Study suggests patient experiences with hospitals worsened during first two years of pandemic
The experiences of patients hospitalized during the COVID-19 pandemic was significantly worse than in the years before the crisis, with hospitals with higher staffing levels holding on to better scores longer, according to a new RAND Corporation study.
Patients particularly reported worse staff responsiveness and hospital cleanliness, possibly reflecting staffing shortages in the hospital workforce and the effects of protocols needed to limit the spread of COVID-19, according to researchers.
Deficits were largest for hospitals that in the pre-pandemic period were lower-performing and had lower staffing levels. The findings are published in the journal JAMA Health Forum.

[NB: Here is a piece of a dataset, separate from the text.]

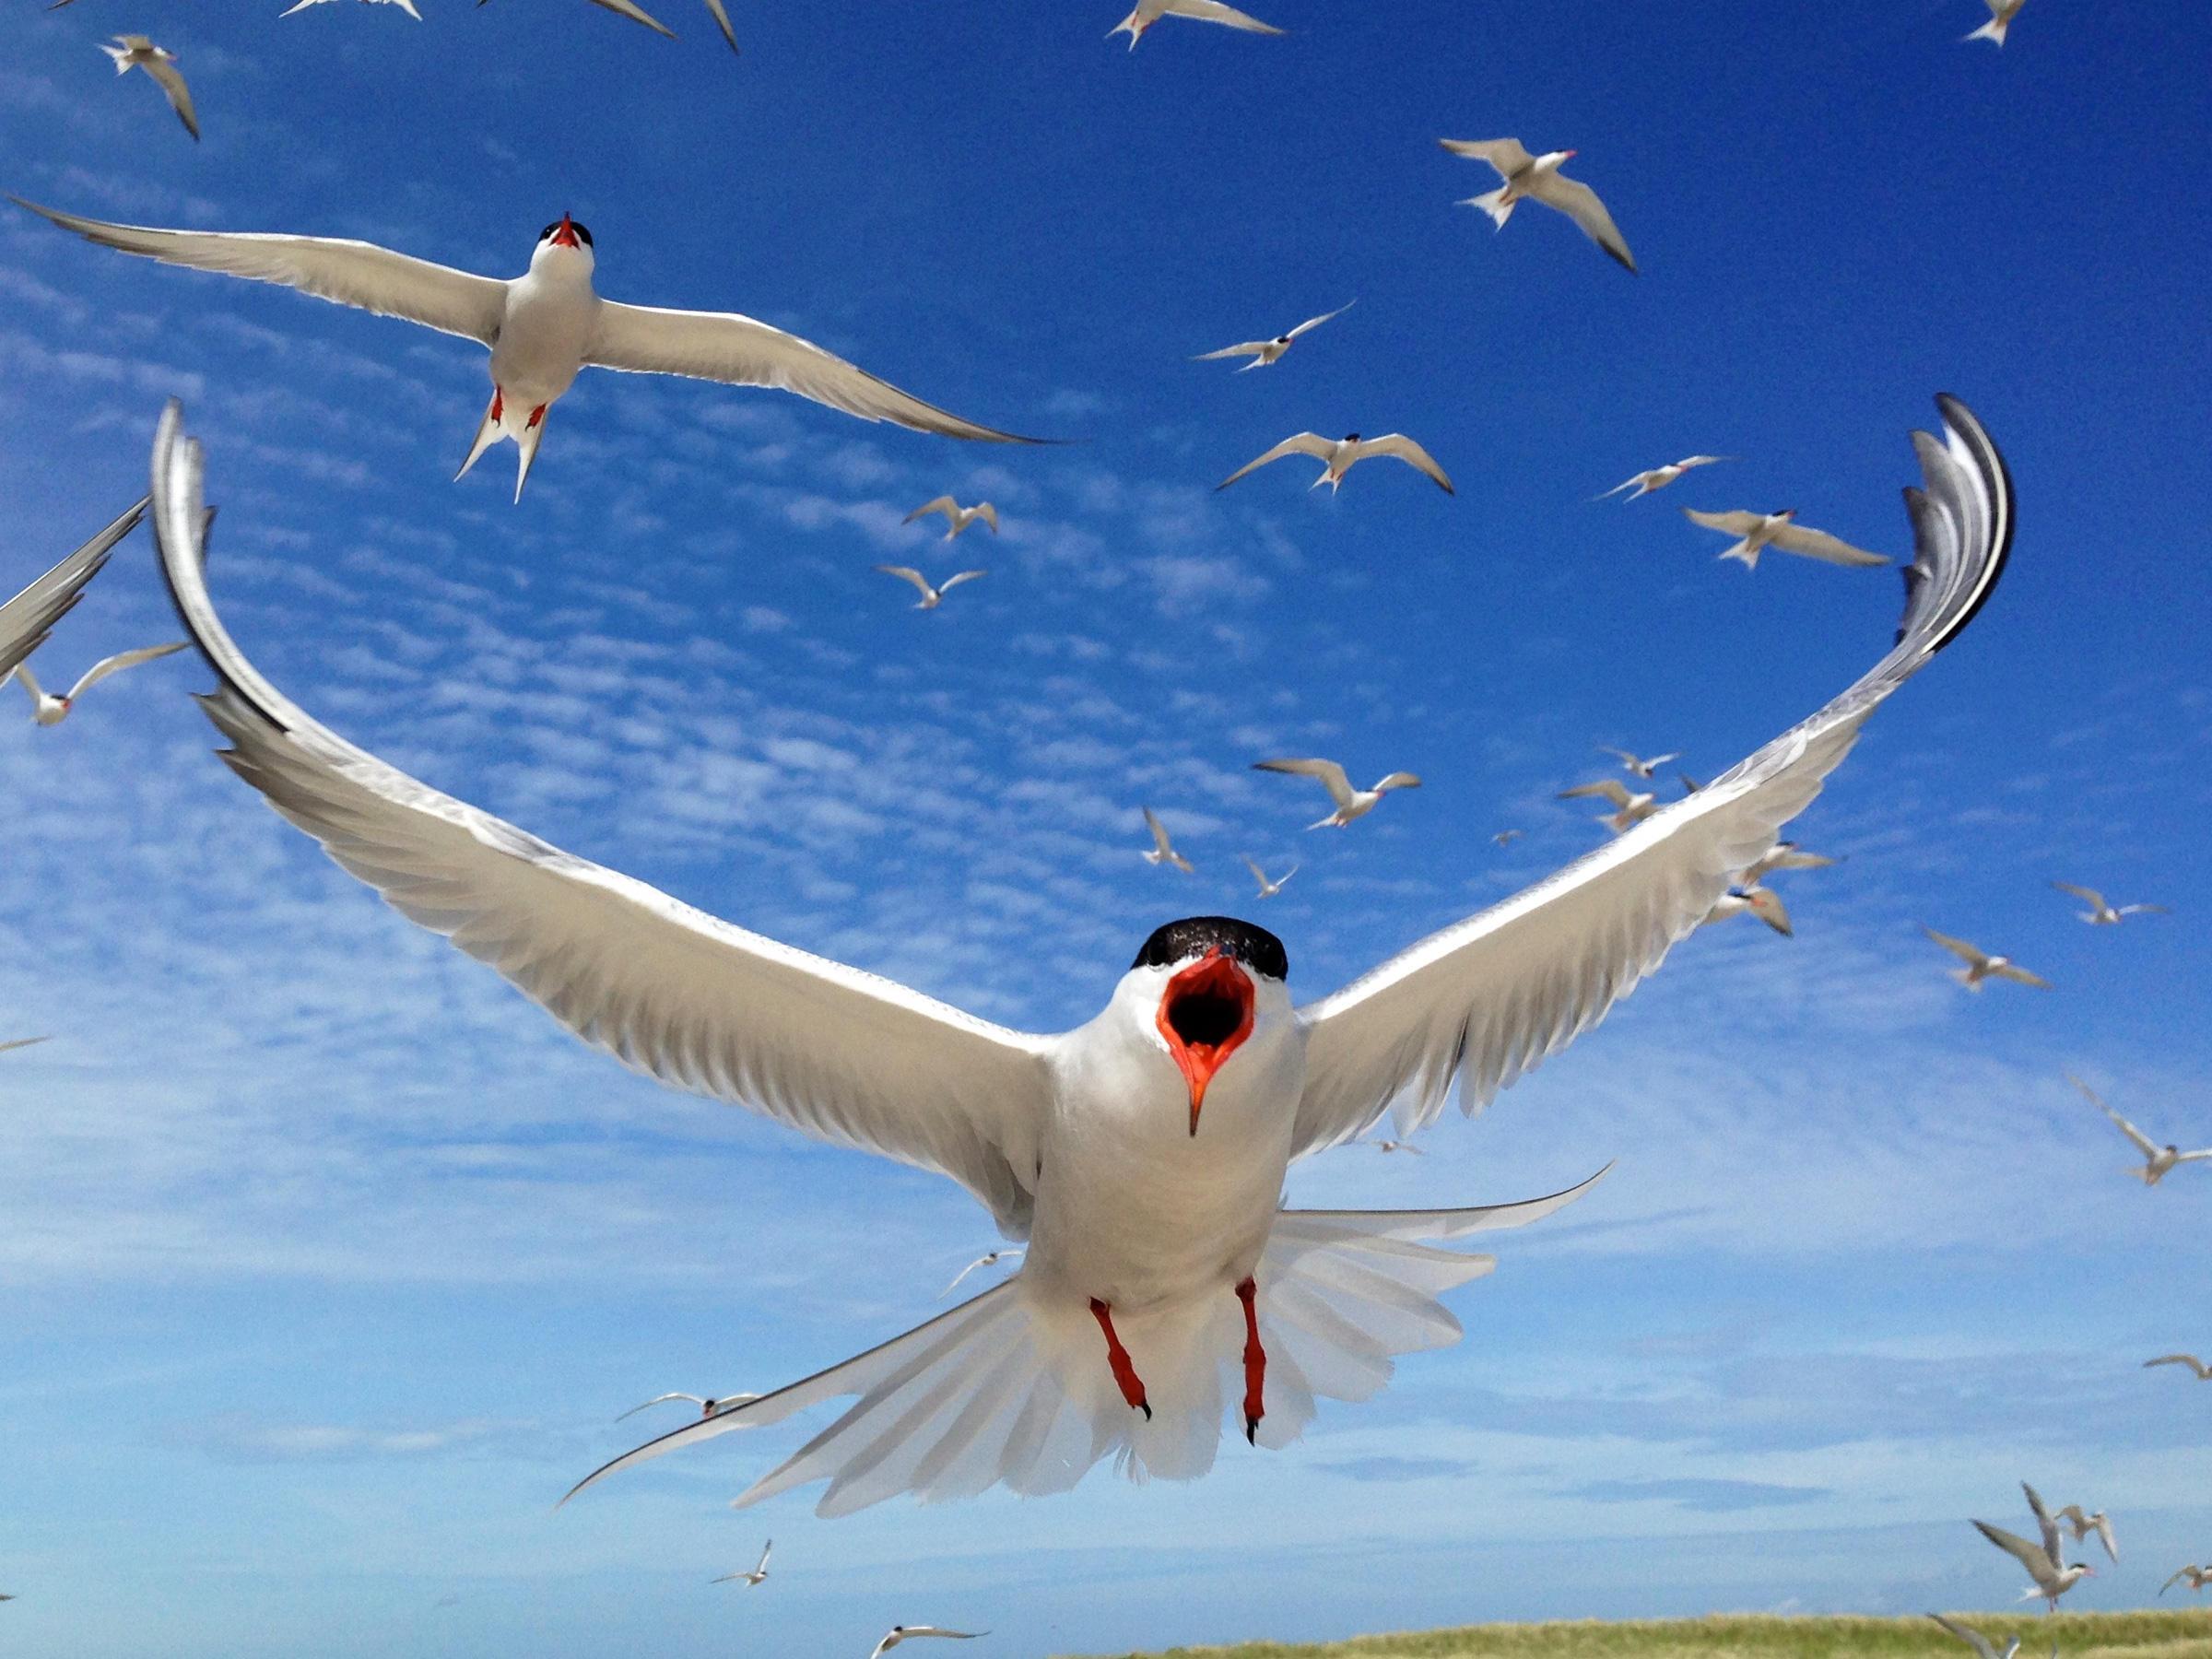 Common Terns, shot on an iPhone 5. Joseph Samela/Audubon Photography Awards

“This unprecedented decline in patient experience was seen in every region of the U.S., with relatively little regional variation,” said Marc Elliott, the study’s lead author and a senior principal researcher at RAND, a nonprofit research organization. “Hospitals with higher staffing levels and better overall pre-pandemic quality were more resilient and slower to see their decline. But eventually even their patients also reported worse experiences.”
The onset of the COVID-19 pandemic created unprecedented challenges for the nation’s acute-care hospitals, including having health care professionals fear being exposed to COVID at work and infecting family members.
To comply with Centers for Disease Control guidelines related to COVID infection control, hospitals adopted new protocols involving social distancing, masks and face shields, and restricted visitor access.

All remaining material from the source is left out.